First, the person wishing to emigrate. The proposal that a conviction would not have to be announced in this country would have no force in the country to which the person was going. Therefore, far from avoiding difficulty, he might find that matters were considerably worse. If, in filling in the forms in this country, he relies on the proposal in the Justice report and does not disclose a conviction, but later that conviction somehow becomes known in the country to which he has gone, he may well be removed therefrom on the ground that he has come in on a false basis.
Second, the hon. and learned Gentleman asked for my view about offences becoming relevant in later criminal cases only if they were of a major rather than a minor nature. With respect, that is not quite the proposal. The proposal is that records may be read out at trials on indictment but not in cases tried summarily. Thus, as I understand it, 1612 the record of a person could be given to the court if he were tried on indictment but could not be given if he were committed for sentence. I see the hon. and learned Gentleman looking doubtful, but, with respect, I think that he will find that I am right about that.

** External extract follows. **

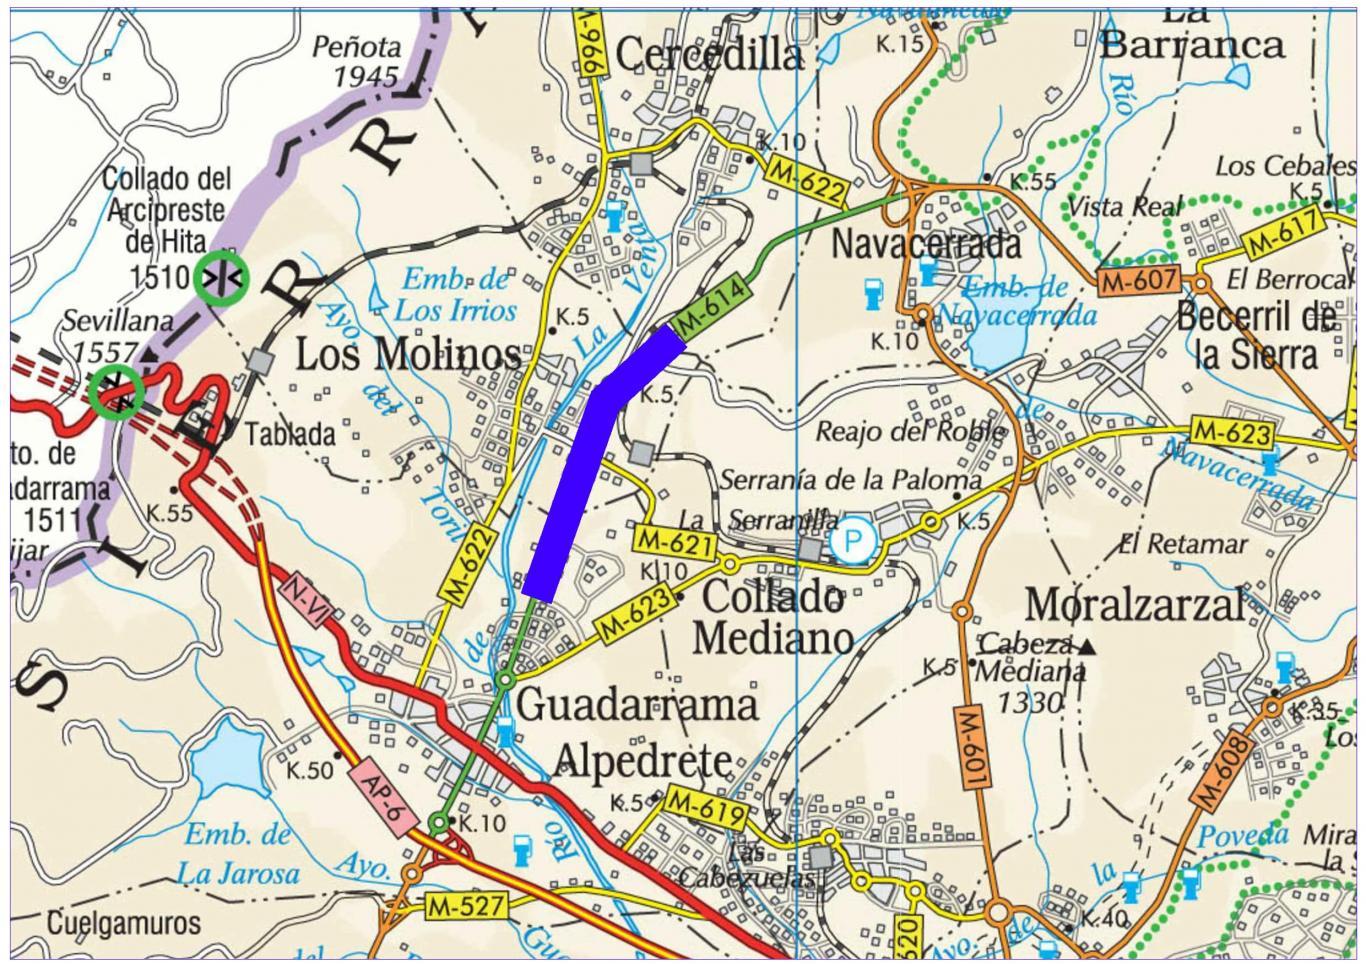 Plano de situación de la obra M-614 pk 4,000-8,500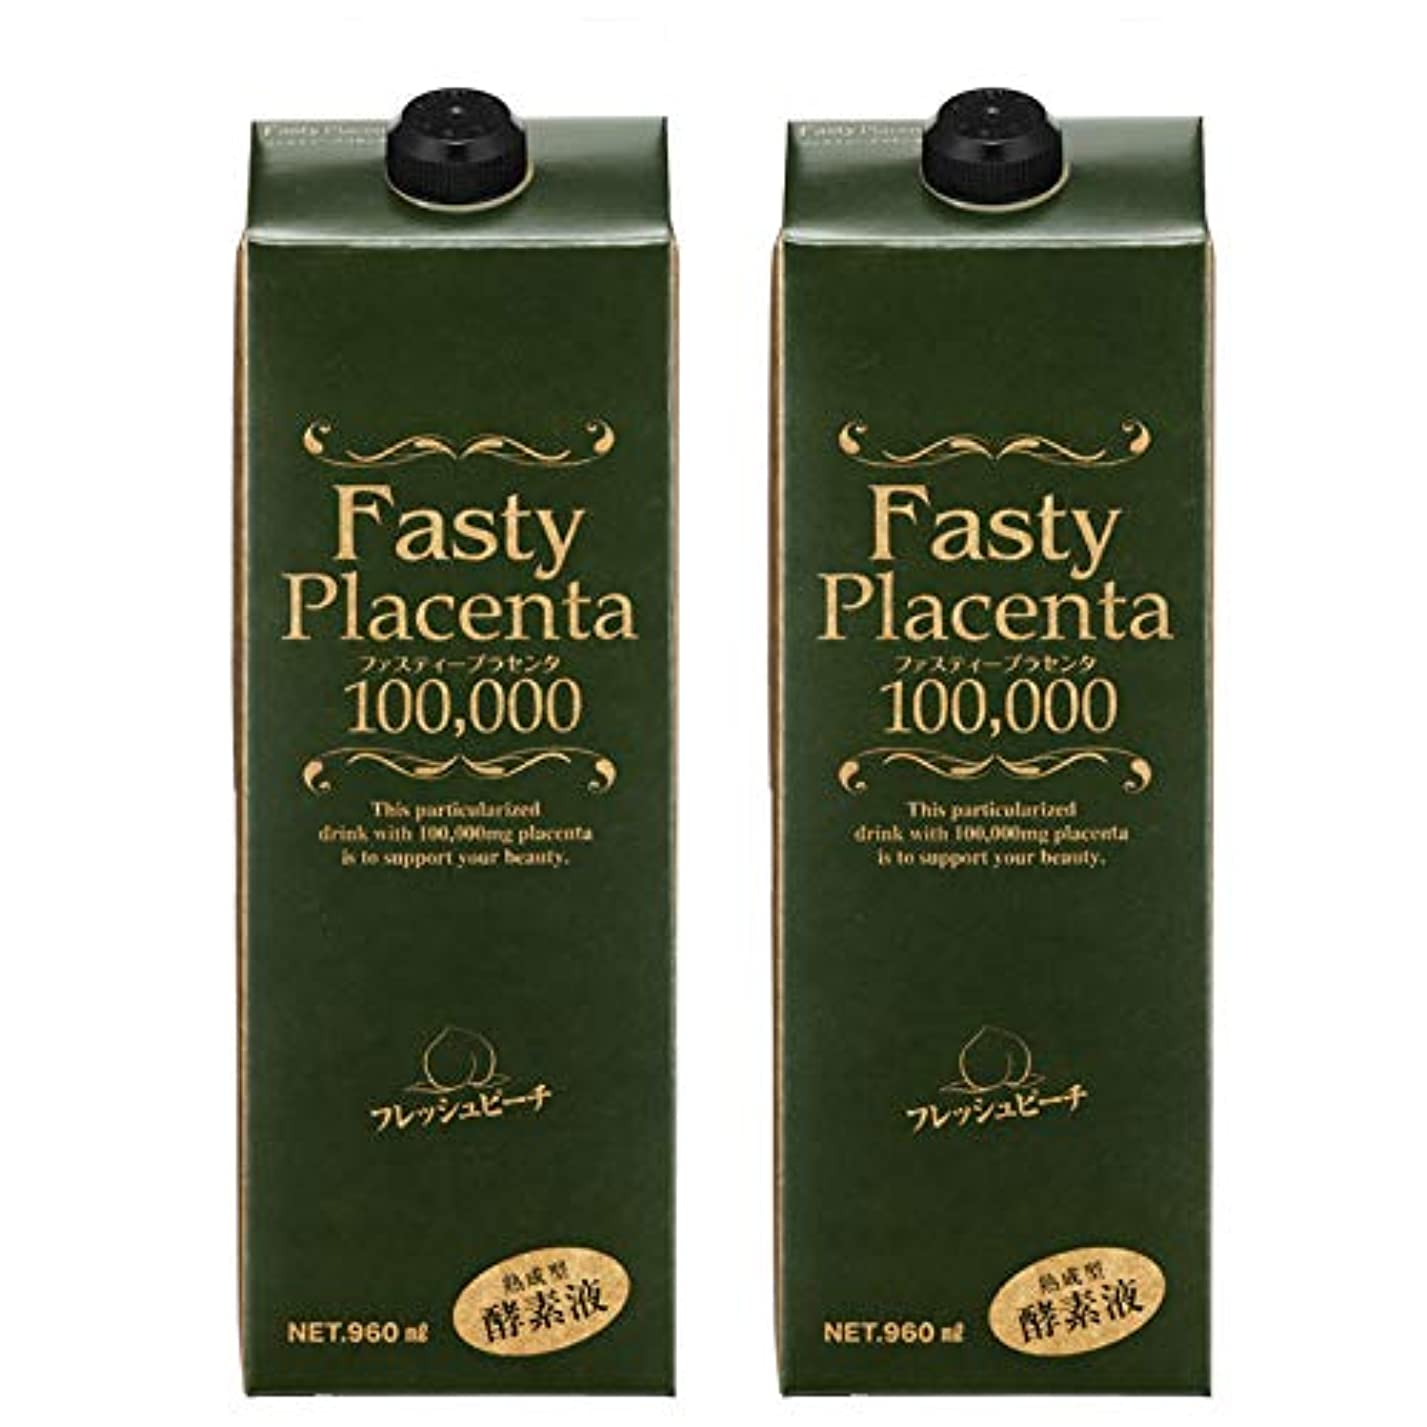 矢アウトドア主張するファスティープラセンタ100,000 増量パック(フレッシュピーチ味) 2本

Also, it means that in the case of summary conviction a man would be regarded as rehabilitated in respect of certain past offences which might be nearer in time to the conviction whereas in the case of conviction on indictment he would not be regarded as rehabilitated in respect of an offence which he had committed in the much more distant past. In this way the court might be given a totally misleading picture of what the man's previous record was.
Above that, however, I must point out that there are grave questions of principle, on which people must make up their own minds, whether the idea of the "legal lie" is appropriate. All I was concerned to do was to point out to the noble Lord, Lord Gardner the practical difficulties, as we saw them from a Home Office point of view, in the proposals in the draft Bill which is published along with the Justice report.
We shall, of course, listen with care to anything that is said in any debate which takes place on the Bill in the other place. I share the hon. and learned Gentleman's concern about the problem of the stale conviction. But I cannot at this stage say that the proposals in "Living it Down" would necessarily be acceptable to the Government as a method of dealing with it.
§ Mr. Greville JannerThe hon. and learned Gentleman has been good enough to indicate the Government's view. Will he add an assurance on one other matter? Plainly, the police must on occasion interview people even though their convictions are old. Will police officers be instructed not to conduct such interviews in the presence of the family of the person interviewed? Could that be considered? Could a circular go to police forces asking them that, when they interview people who have gone straight for a long time, they do not make their inquiries in front of the family?
§ Mr. CarlisleMethods of investigation must always be a matter for chief officers 1613 of police and the policemen serving under them. I think the hon. and learned Gentleman is raising an unnecessary fear. I am sure the police are extremely careful to use tact in these matters. I would wish them to do so, but I cannot believe that there is any justification for a circular. I am sure that this is the sort of matter that chief constables and senior officers always bear in mind when making inquiries so that the inquiries they have to make are made in a way which does not cause undue or unnecessary embarrassment.